Top of Given material
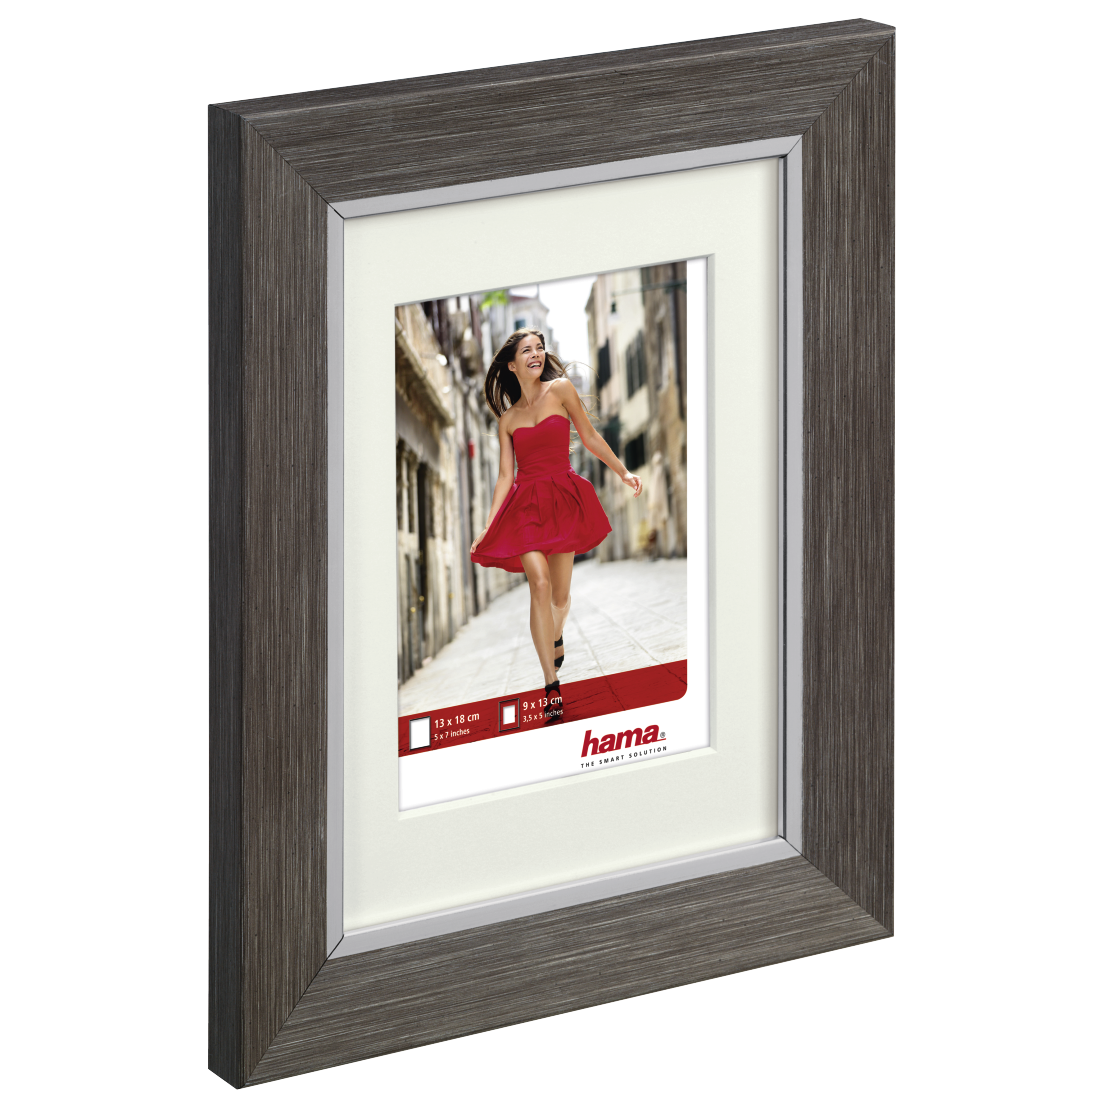 00125652 Hama Porto Plastic Frame Grey Pine 20 X 30 Cm Hama De
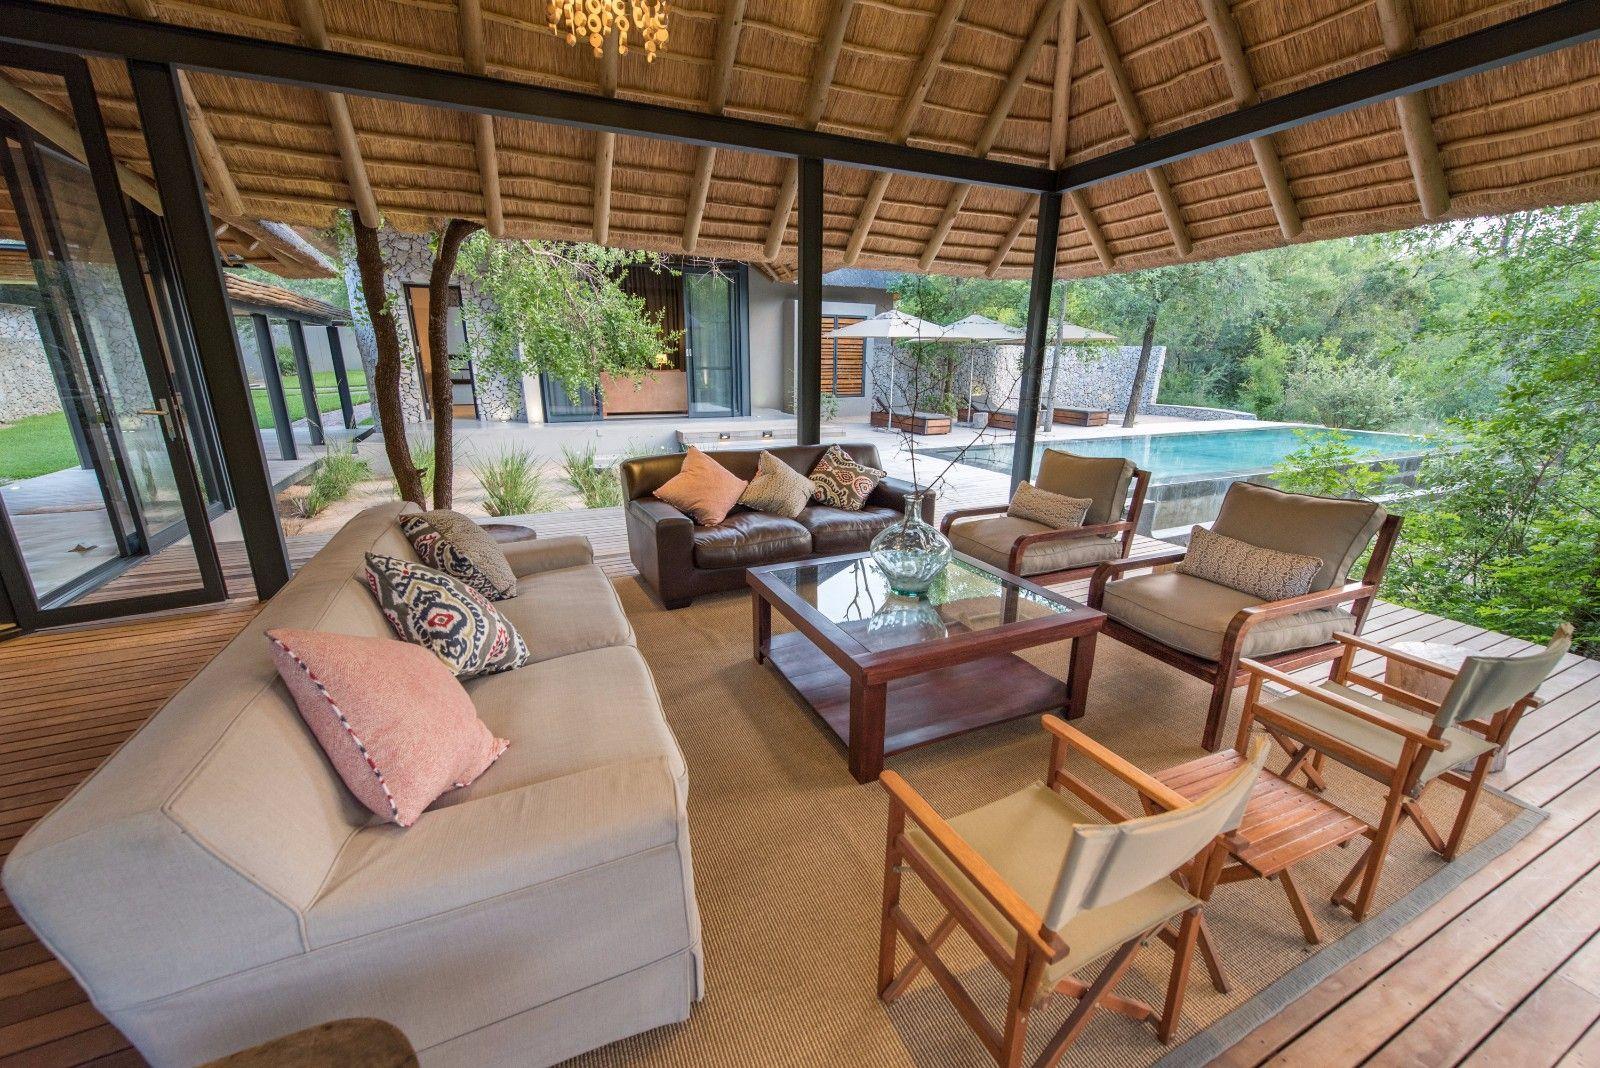 Hoedspruit, Hoedspruit Property  | Houses For Sale Hoedspruit, HOEDSPRUIT, Lodge 5 bedrooms property for sale Price:16,000,000
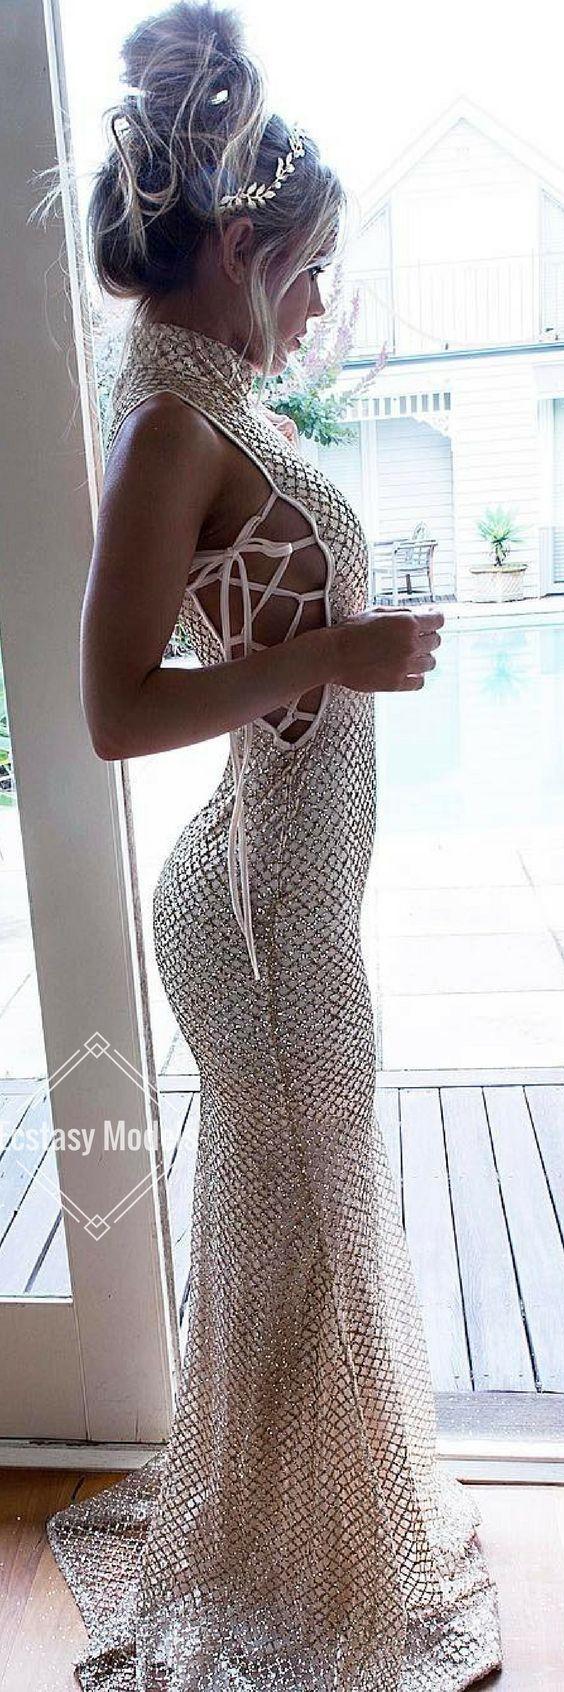 Aphrodisiaquementvotre so cute pinterest amazing dresses
Bottom of Given material
Your goal → Transcribe all of the lines above exactly as given. The pictures stay out.

Response box →
 00125652 Hama Porto Plastic Frame Grey Pine 20 X 30 Cm Hama De
 Hoedspruit, Hoedspruit Property  | Houses For Sale Hoedspruit, HOEDSPRUIT, Lodge 5 bedrooms property for sale Price:16,000,000
 Aphrodisiaquementvotre so cute pinterest amazing dresses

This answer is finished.